> _Record extracts_

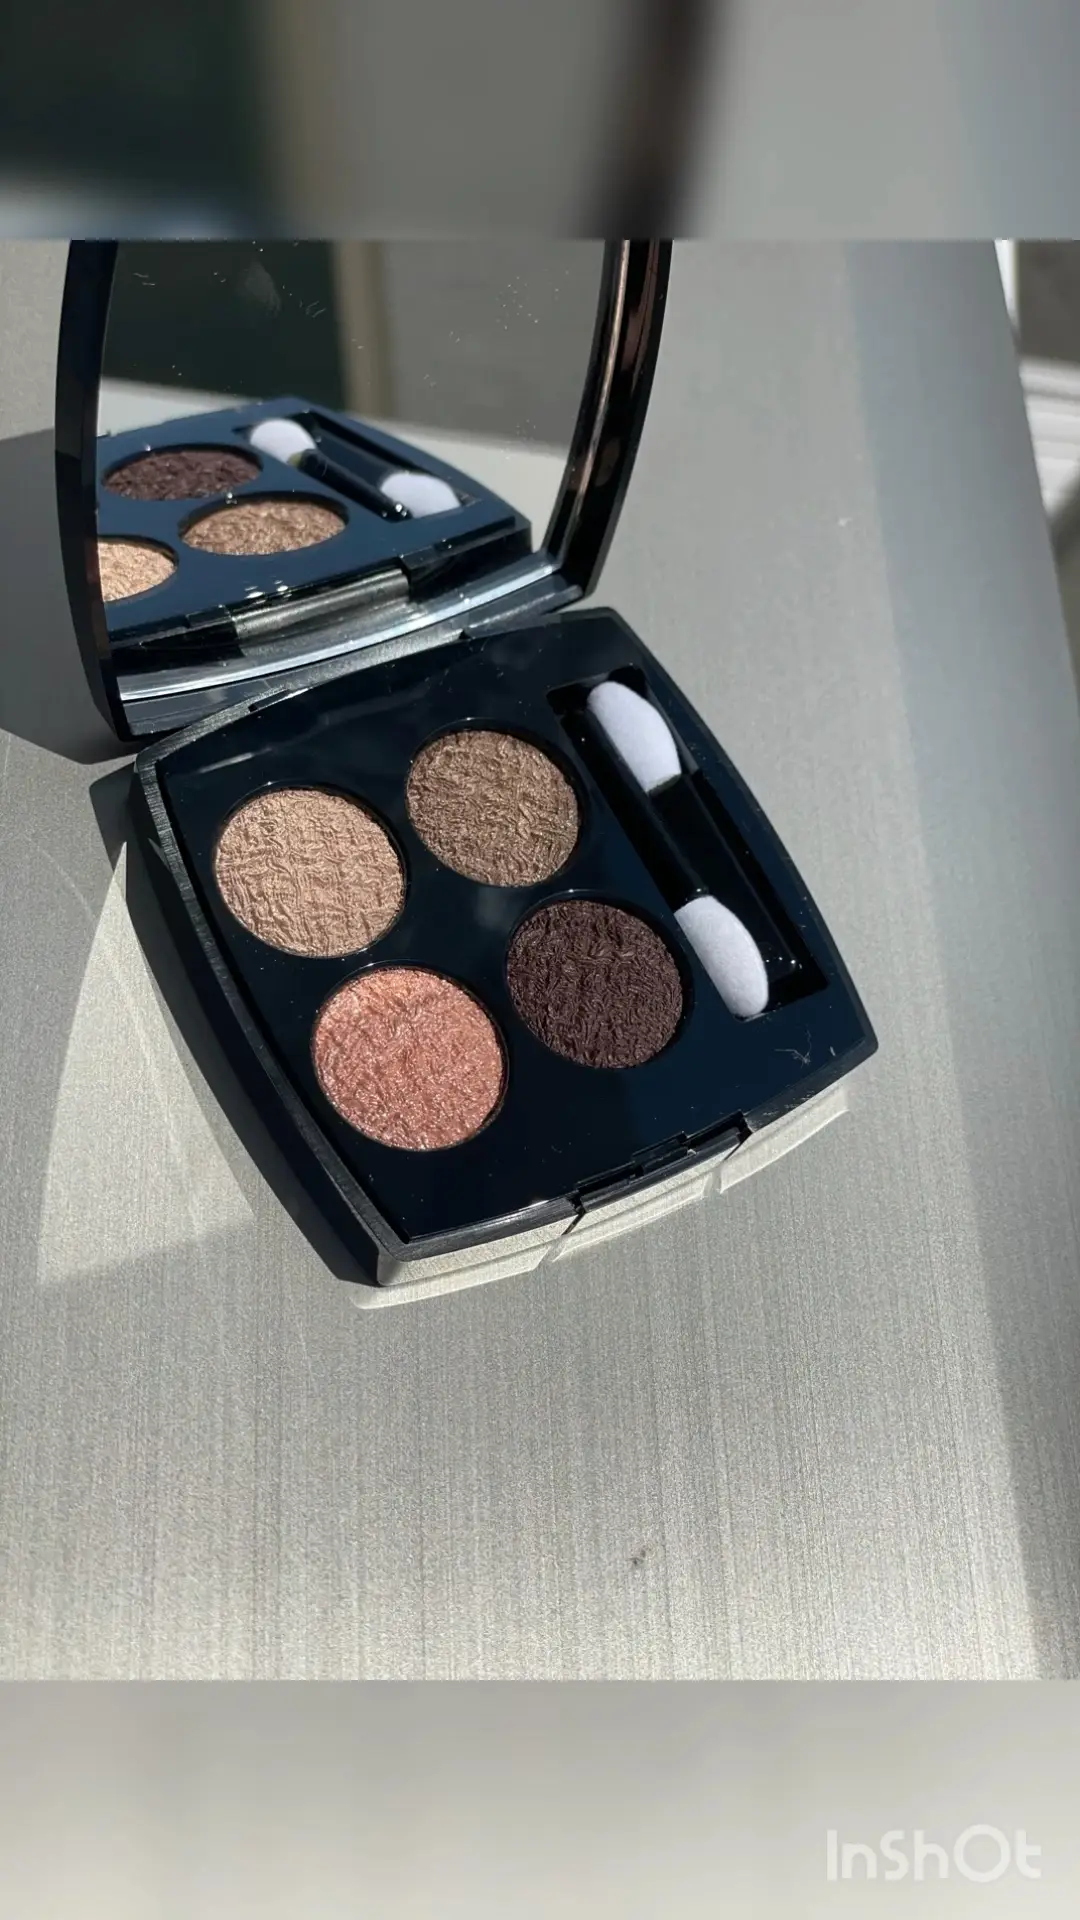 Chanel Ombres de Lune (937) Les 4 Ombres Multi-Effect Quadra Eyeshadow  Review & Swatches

...

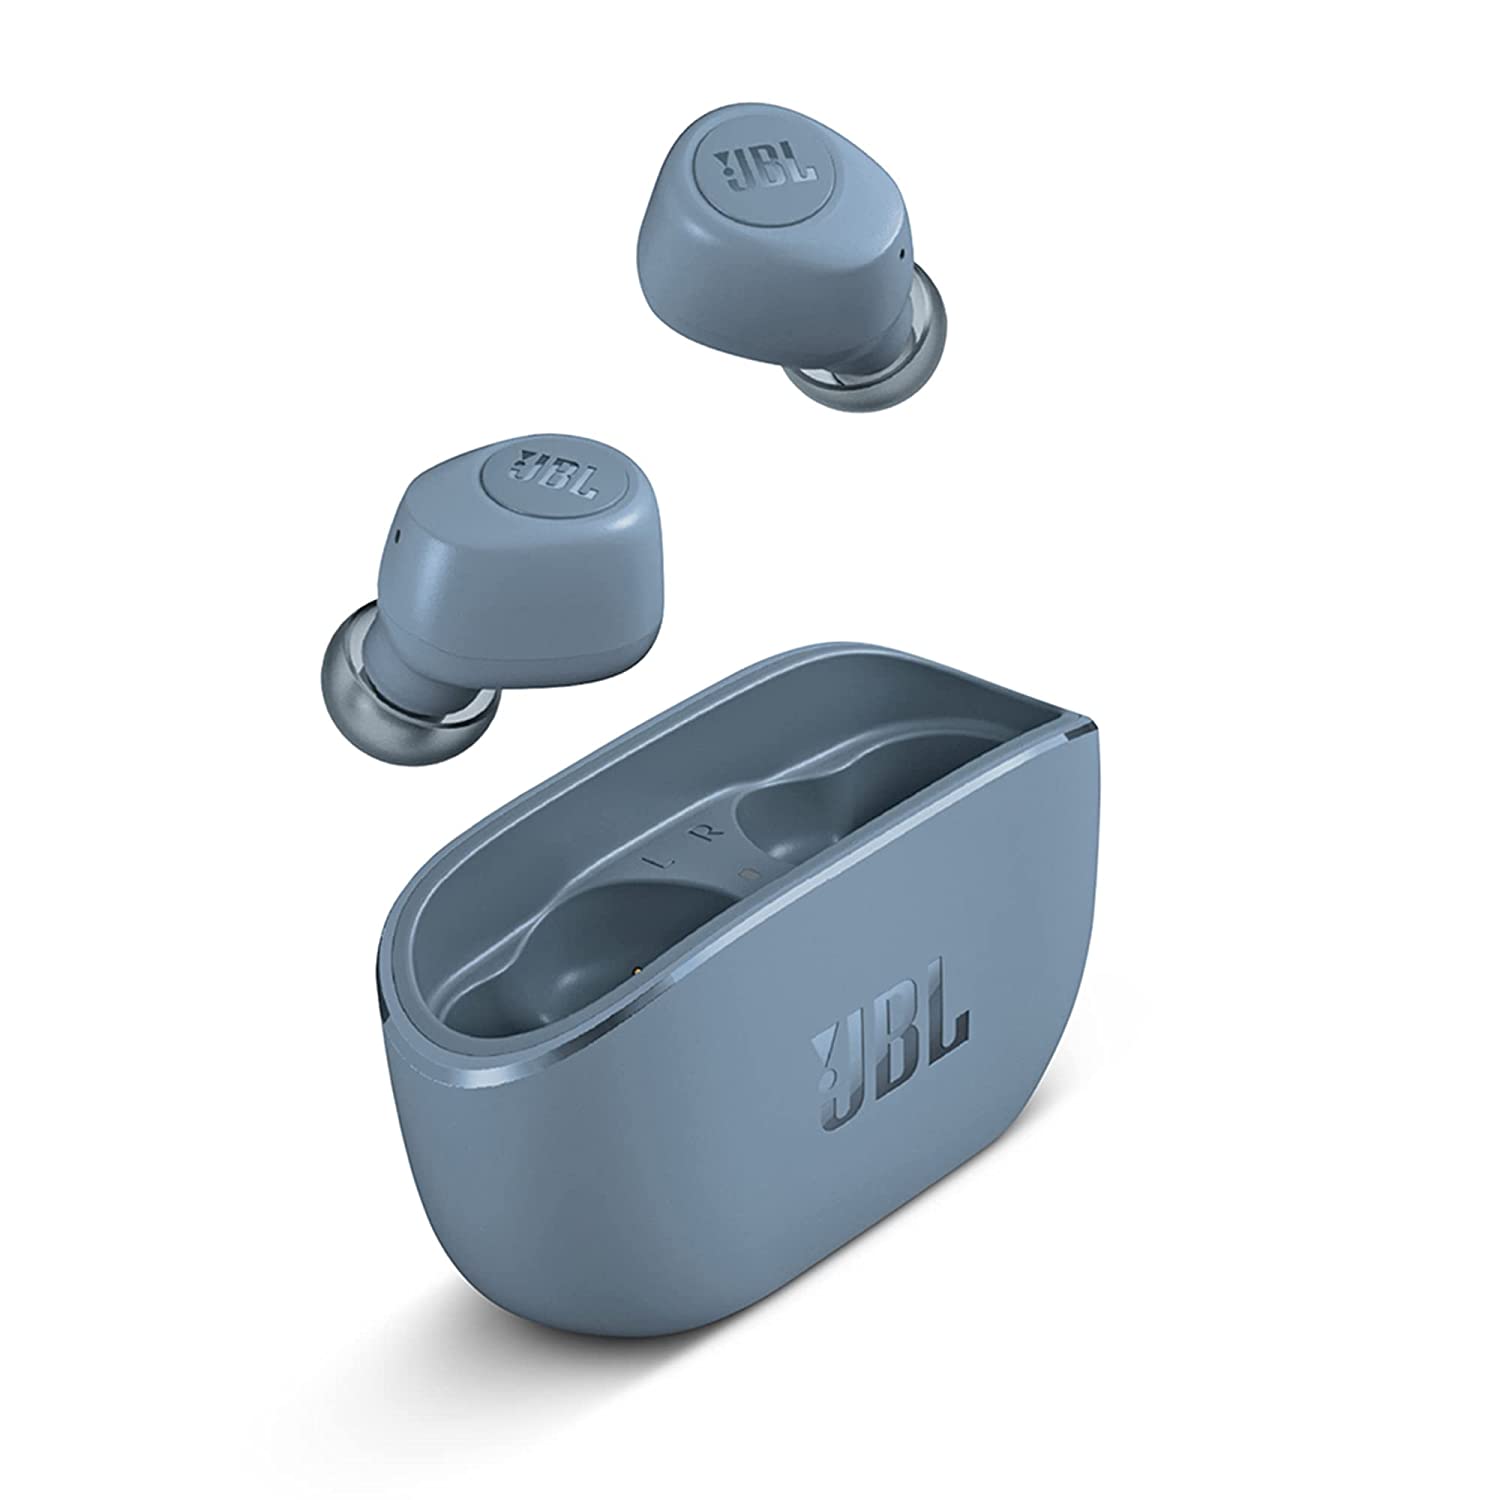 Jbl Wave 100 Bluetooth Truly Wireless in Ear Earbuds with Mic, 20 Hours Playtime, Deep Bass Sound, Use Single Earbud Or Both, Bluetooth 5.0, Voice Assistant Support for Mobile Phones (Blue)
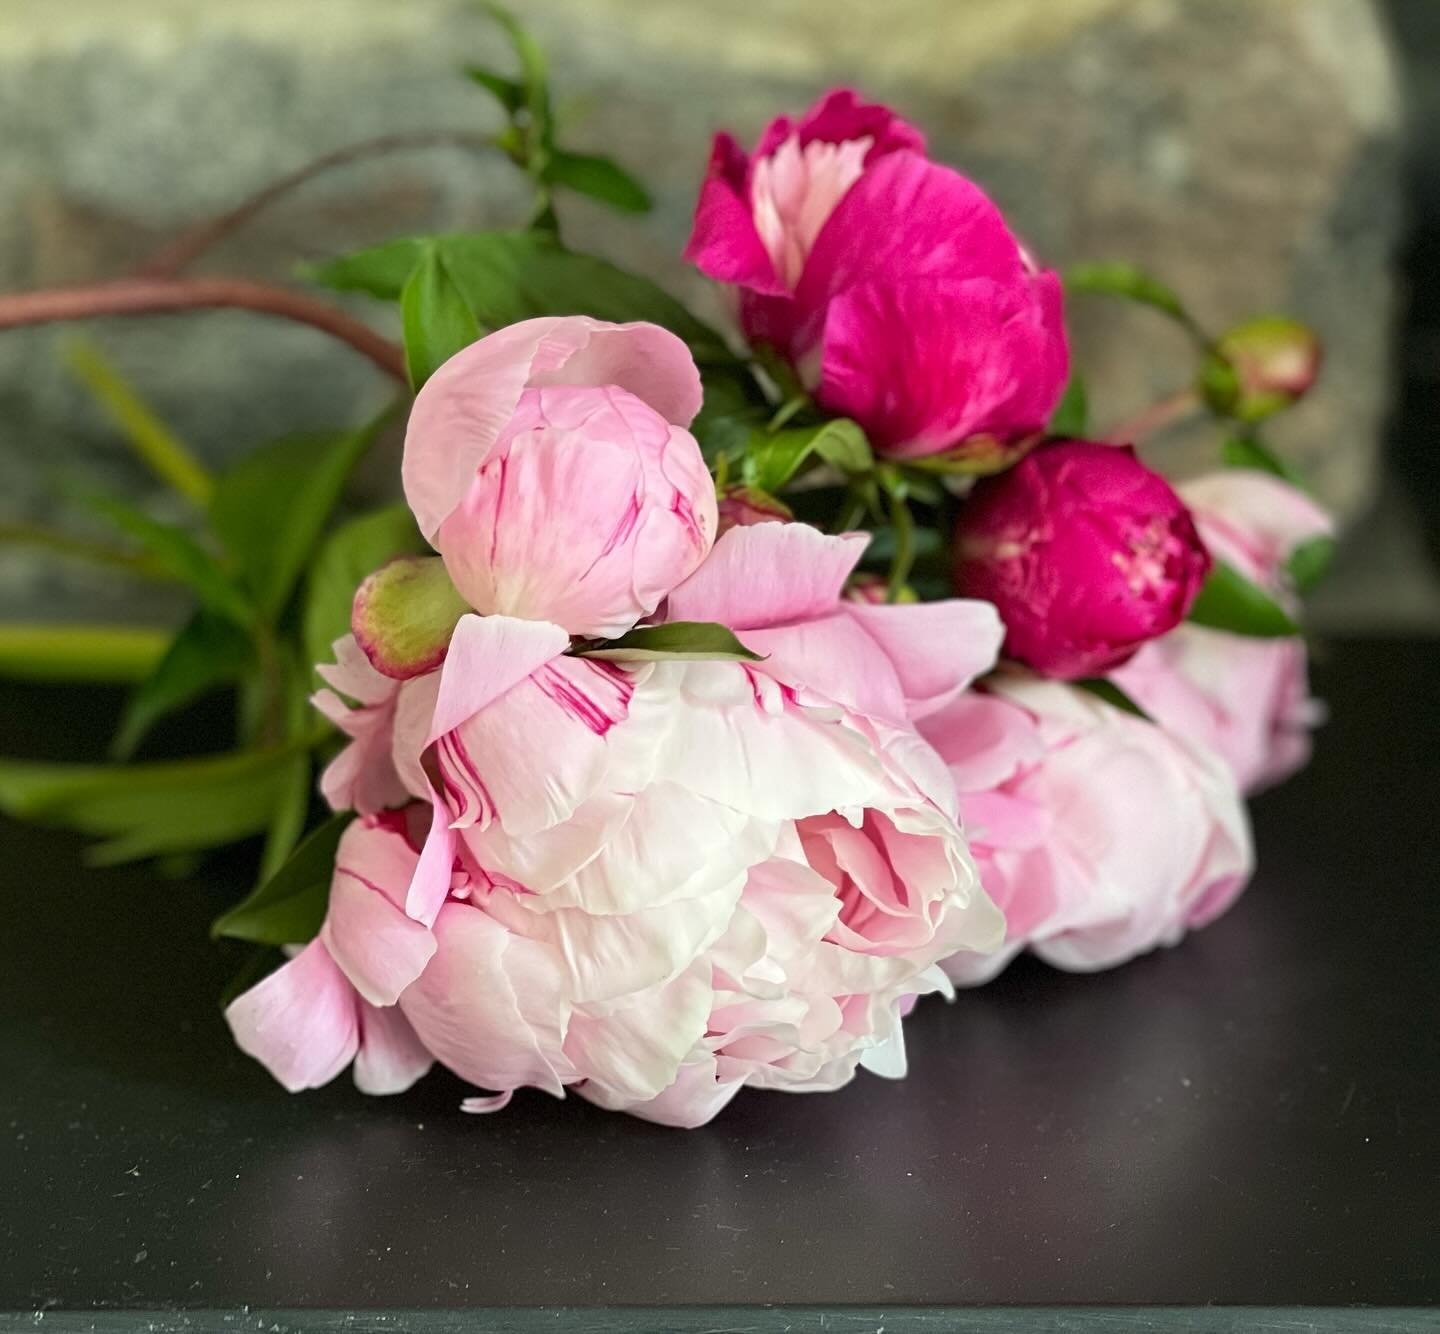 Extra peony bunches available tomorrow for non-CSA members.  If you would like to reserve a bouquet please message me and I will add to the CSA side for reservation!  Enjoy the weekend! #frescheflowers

> _Task requirements_
Your copy should hold only the lines above from the one containing "Jbl Wave 100" through the one containing "Extra peony bunches", exactly as written and free of pictures.

> _Your solution_
 Jbl Wave 100 Bluetooth Truly Wireless in Ear Earbuds with Mic, 20 Hours Playtime, Deep Bass Sound, Use Single Earbud Or Both, Bluetooth 5.0, Voice Assistant Support for Mobile Phones (Blue)
 Extra peony bunches available tomorrow for non-CSA members.  If you would like to reserve a bouquet please message me and I will add to the CSA side for reservation!  Enjoy the weekend! #frescheflowers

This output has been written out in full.